AWS DynamoDB is a key-value data store native to AWS, Amazon Web Services. This collection of services rivals Azure for cloud services with some services like RedShift (for BI/analytics), RDS (for relational) and DynamoDB (for non-relational) data gaining traction. DynamoDB is an ideal key-value store which can be queried easily and from an object-oriented language. However, it is not a relational data store. There is no fixed schema nor constraints other than basic data types. While it's ideal for web developers to store state values, session information or other pertinent facts, there are sometimes cases where it would be useful to import this data into a relational database in order to query it more effectively and join it to other useful data to gain business insights.

Prerequisites

To follow this tip, you will need:

An Amazon AWS account. You can sign up for free, and the DynamoDB product is available under the Free Tier. Sign up at https://aws.amazon.com.
SQL Server 2017 with Machine Learning services (R, Python) installed. If you have 2017 and this isn't installed, don't worry. You can use the SQL Server Installer to add these features to your instance. If you're operating on 2016 this tip should also work for you although you may need to modify the Python script accordingly if any syntax returns as invalid. Unfortunately, this tip is not suitable if you're operating on SQL Server 2014 or below.

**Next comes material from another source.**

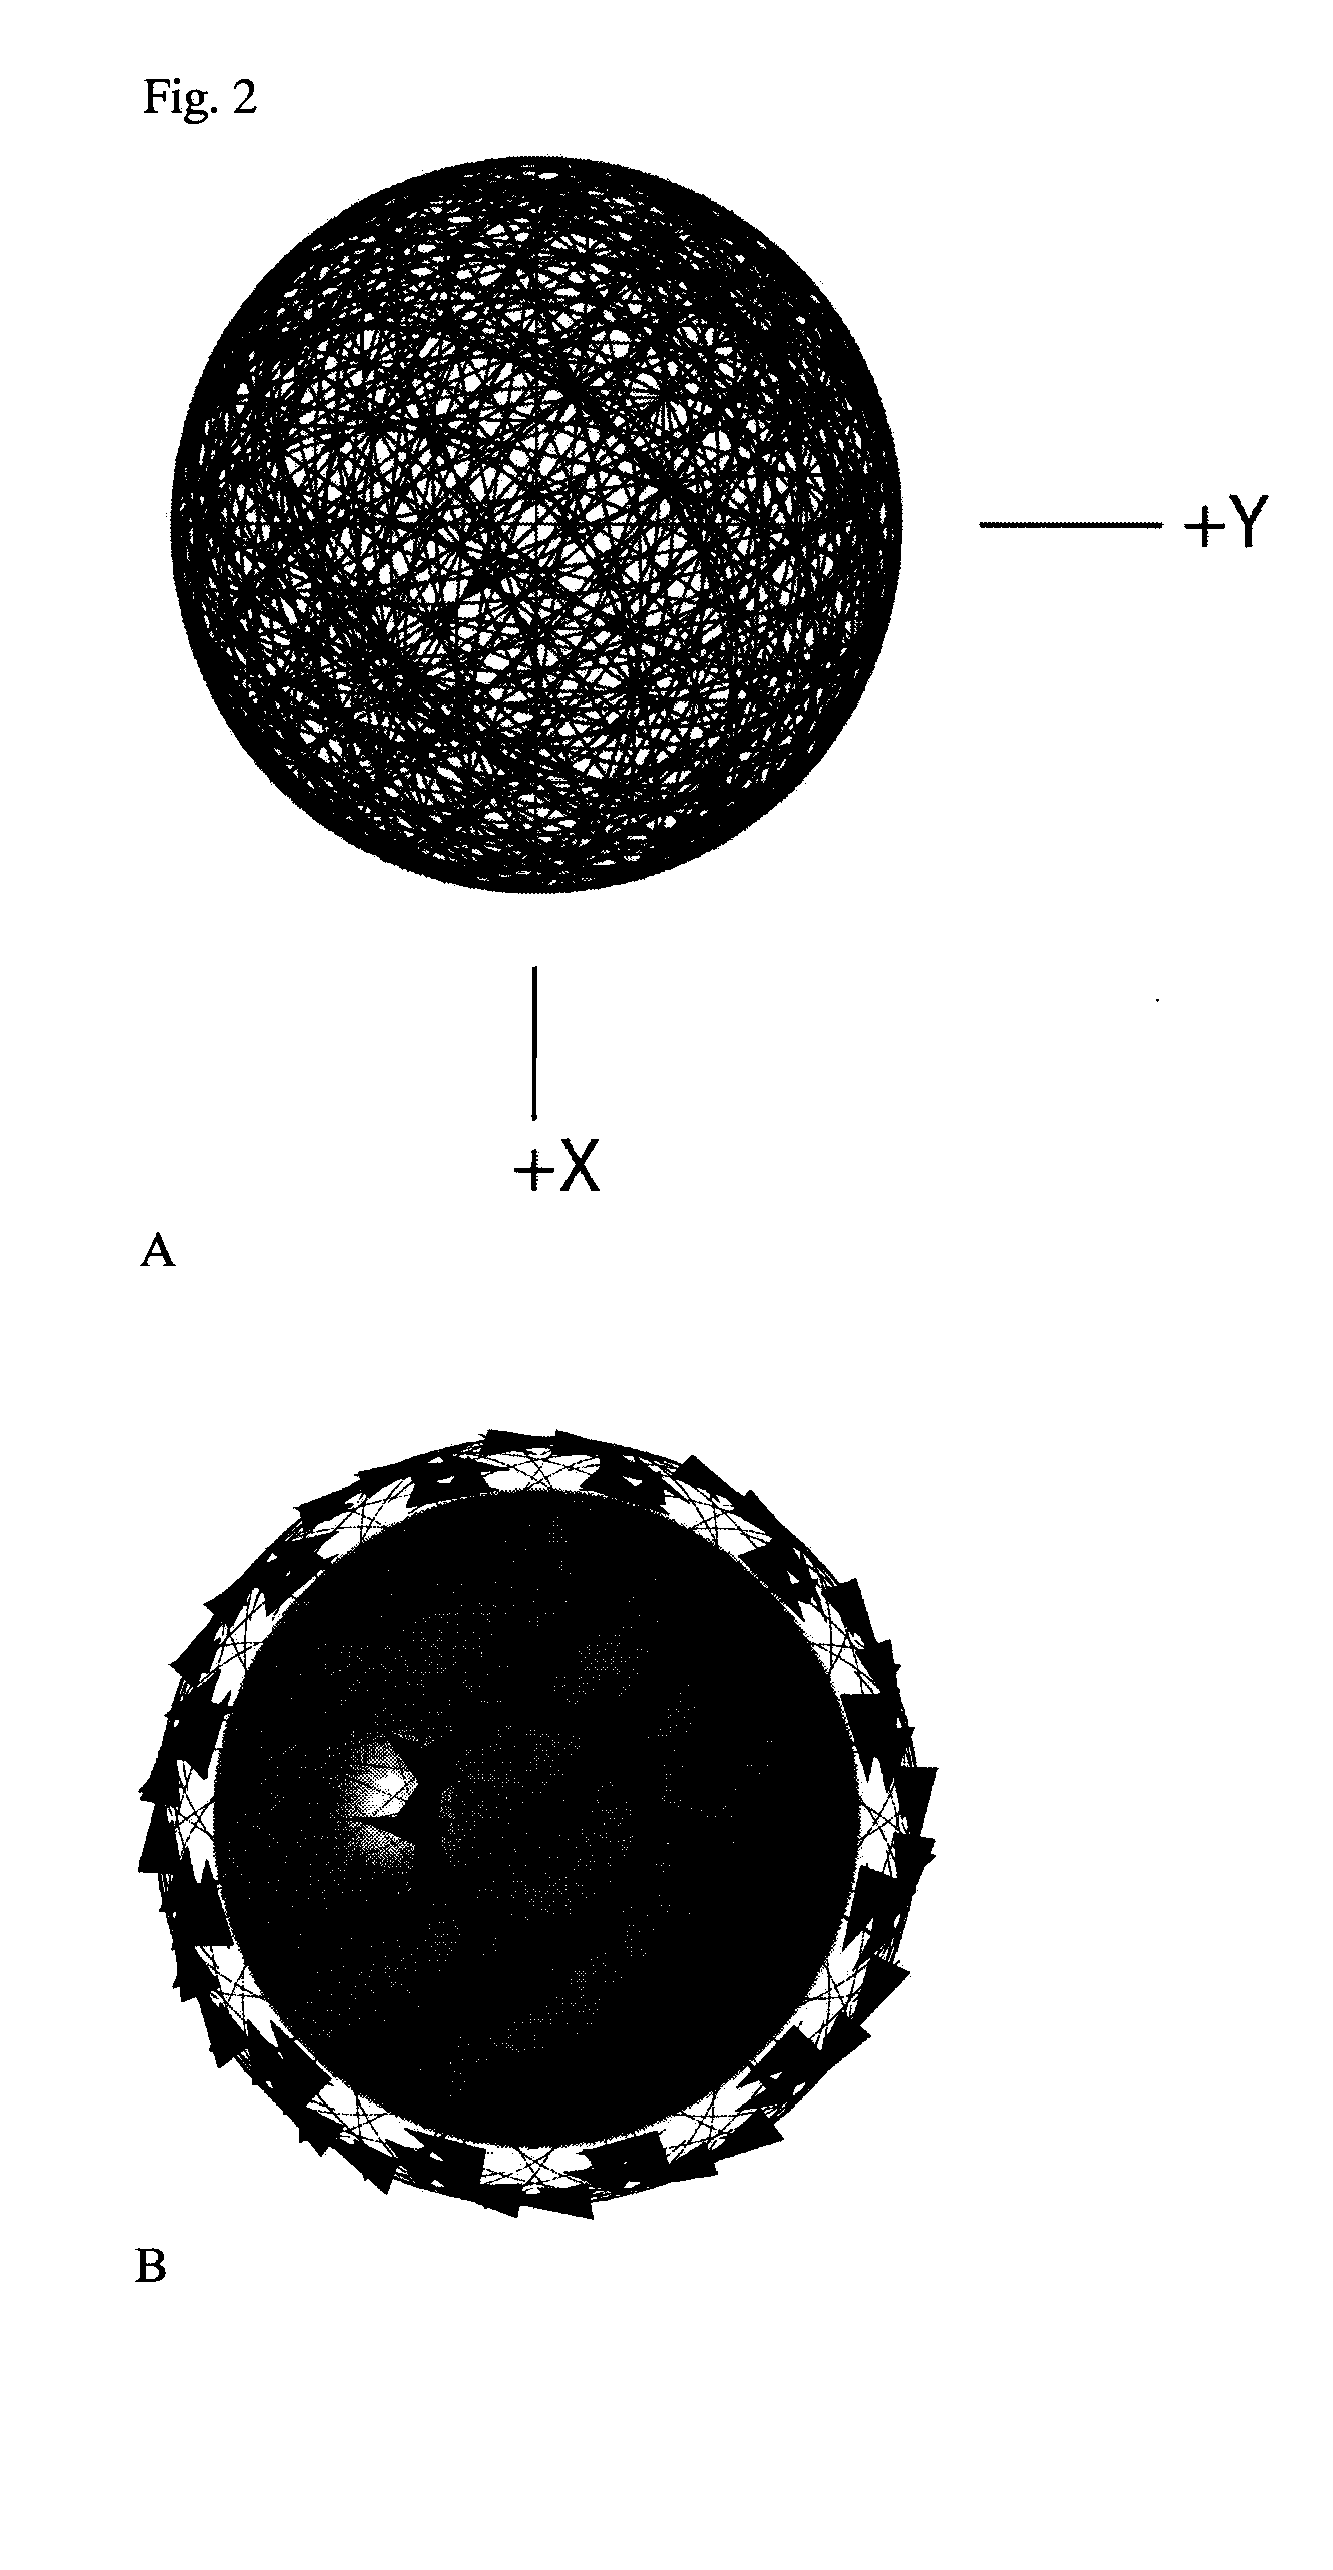 System and Method of Computing and Rendering the Nature of Dipole Moments, Condensed Matter, and Reaction Kinetics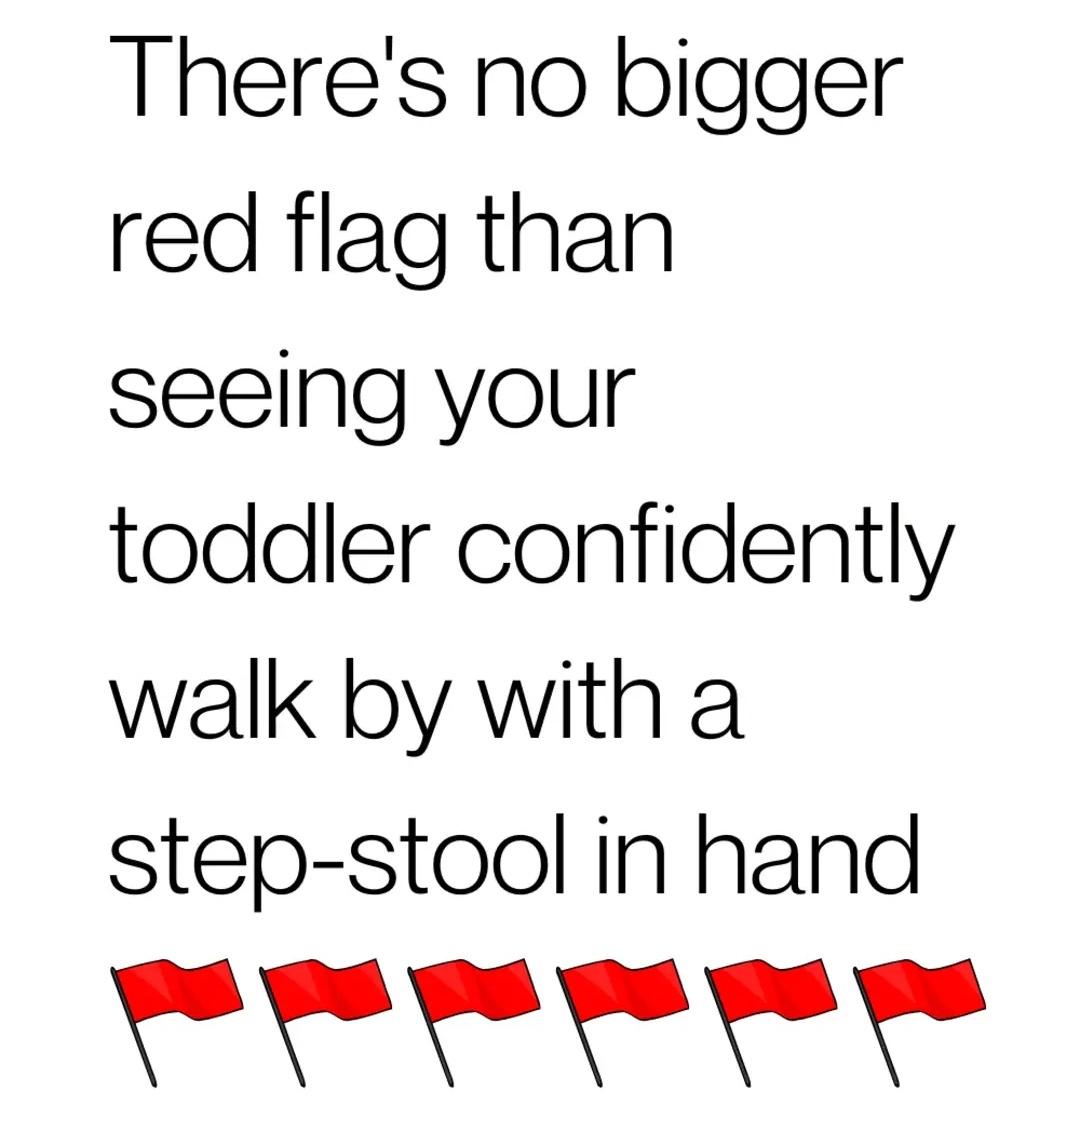 funny memes and pics - angle - There's no bigger red flag than seeing your toddler confidently walk by with a stepstool in hand

Creating a table and record in DynamoDB

Okay, so you've signed up with Amazon and you have a shiny new AWS account. You will first need to configure your access keys. There's a link to do this on the email AWS sent you when you signed up, or you can use the console to find Your Security Credentials. When you reach a screen that looks similar to the below, expand 'Access Keys' and follow the on-screen prompts to download your access key and secret key pair. Save these somewhere secure.

Your Security Credentials: Screenshot of how to set up an access key pair in AWS.

Next, let's create a new DynamoDB table. On the Console home page, type 'DynamoDB' and find the DynamoDB resource page. From there, you'll see the link to Create Table. In DynamoDB, every table has a primary key (much like a clustered index in SQL Server) but at this point you don't need to specify any other columns. There's also some settings you can play with around scale-out (which incur a cost), encryption and backup.

Below is a screenshot of my empty Employee table. This table has the EmployeeID primary key.

Empty Employee table: A screenshot showing a table object in AWS with no items in it.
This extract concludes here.